Key provisions include:
-
Cracking down on forum shopping
by requiring that lawsuits be filed where the plaintiff or defendant lives,
or where the defendant does business, or the place where the injury or harm
occurred.
-
Requiring that courts impose
sanctions on attorneys, law firms and parties who file frivolous lawsuits
and eliminating the gigantic loophole that allows a frivolous lawsuit to be
withdrawn in order to avoid sanctions.
-
Allowing judges to make
plaintiffs pay for the defendants’ litigation costs that arise as a result
of a frivolous lawsuit.
-
Requiring judges to suspend for
at least one year an attorney who has violated Rule 11 three or more times.
-
Strengthening sanctions for the
intentional destruction of documents involved in a court proceeding.
If this bill becomes law, it would
represent a tremendous step forward for civil justice reform. It would also go a
long way toward restoring the proper balance between plaintiffs’ interest in
gaining access to the courts and the right of defendants to get a fair shake.
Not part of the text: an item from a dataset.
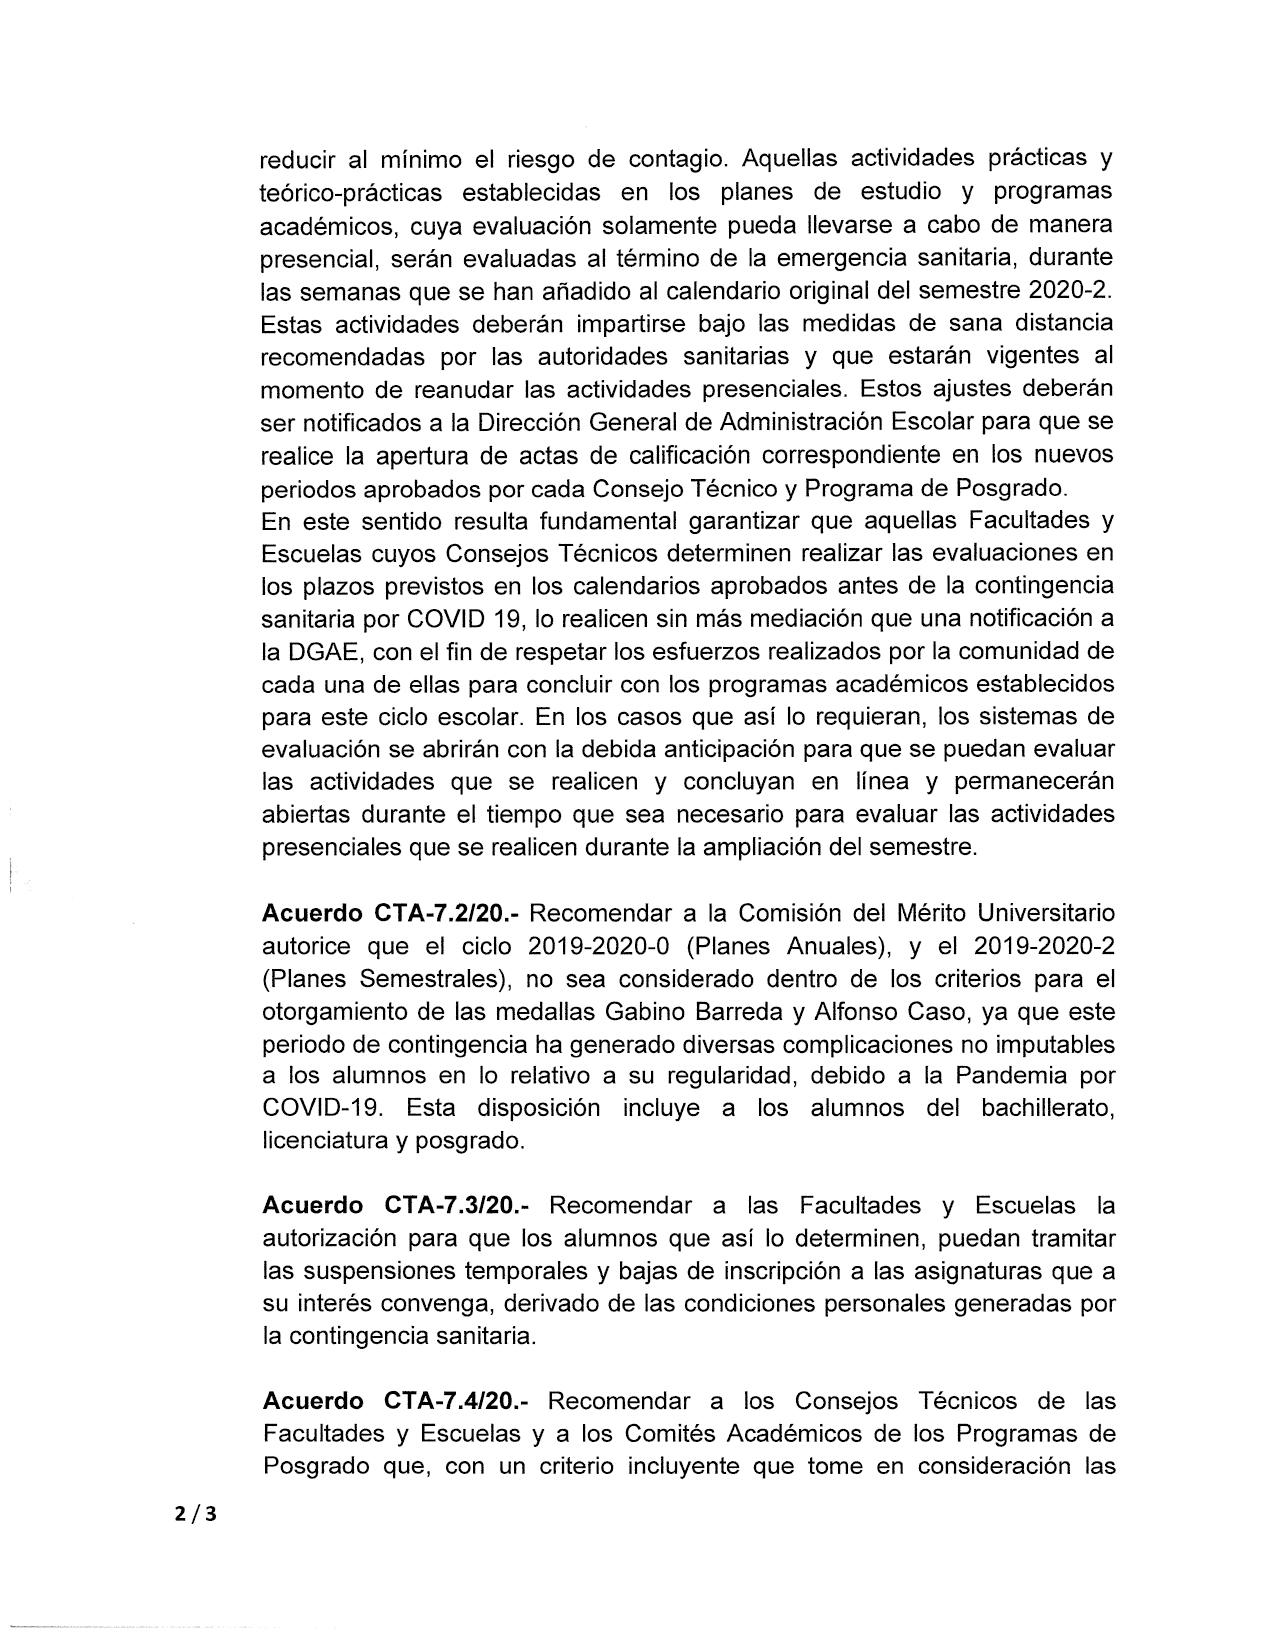 Acuerdos_CTA_05-05-2020-2

Perhaps best of all, it ensures real consequences for the greedy trial attorneys
who clog our courts with frivolous claims that accomplish little more than
padding their already well-lined pockets.
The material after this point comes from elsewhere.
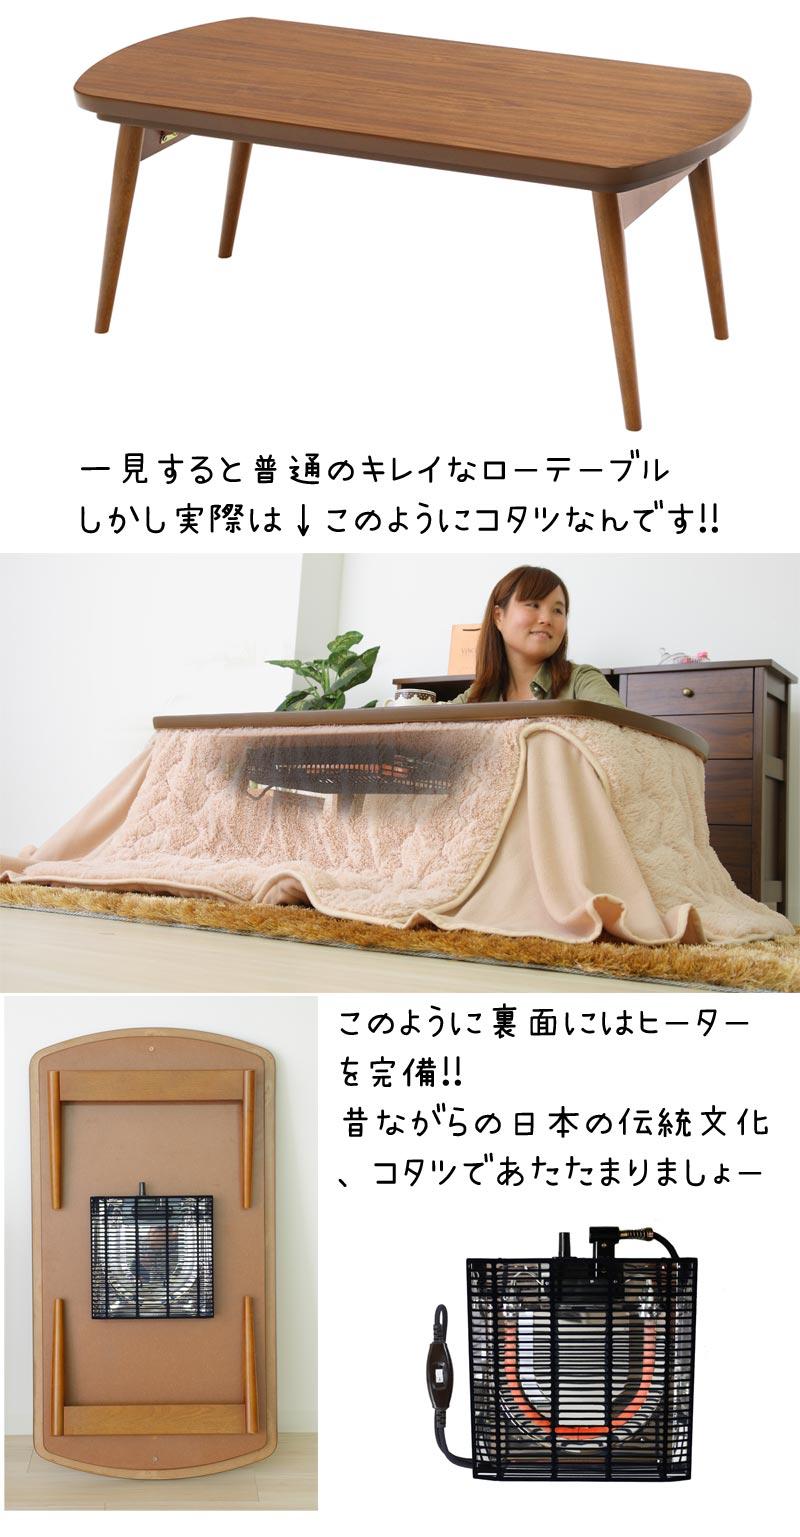 折れ脚ウォールナットコタツ商品ページ

However, even though HR 420 is
certainly a positive step forward, it’s not a particularly earth-shaking
measure. Boiled down to its essentials, it only tries to make life hard on
lawyers who behave irresponsibly by filing frivolous lawsuits. But even that
small step is a bridge too far for trial
lawyers, who apparently want to protect their ability to keep filing improper,
dubious and frivolous lawsuits.
So, HR 420 is not likely to become
law. According to one news report, the bill “has little chance of being taken up
in the Senate.” Indeed, for those who are regularly involved in the pursuit of
legal reform, “doomed in the Senate” has become a common refrain.
One might think that with its
Republican majority, the Senate would be favorably disposed to legal reform. In
fact, most of the Republican members of the chamber are generally supportive.
And the Republican leadership has repeatedly demonstrated its commitment to
addressing the many problems that plague our civil justice system.
But the problem isn’t the
Republicans. It’s the minority Democrats who, despite their small numbers, still
have enough votes to effectively block legislation in the Senate.
These are the same Democrats, of
course, who remain firmly in the pockets of the trial bar. According to
published reports, trial lawyers and their allies contributed more than $100
million to Democratic candidates, PACs and affiliated organizations during the
2004 campaign. And the trial bar is categorically opposed to anything that might
sidetrack their legal gravy train.
Situations like this cause cynicism
and distrust of our government. The Senate used to be the home to great orators,
like Daniel Webster, and legendary legislators like John C. Calhoun. Now,
instead of embracing common sense proposals, or engaging in a real debate about
why the proposals should be rejected, Senate Democrats offer only an
inexplicable “no” and effectively prevent the proposals from ever being
considered.
It’s time for the Senate to get busy.
It’s time for Senate Democrats to stop acting like robots, reciting talking
points while they dig in their heels. It’s time for the Senate Democrats to
lead, follow or get out of the way.
“Doomed in the Senate” is no longer
an acceptable epitaph for common sense civil justice reform legislation. Not
when justice is at stake.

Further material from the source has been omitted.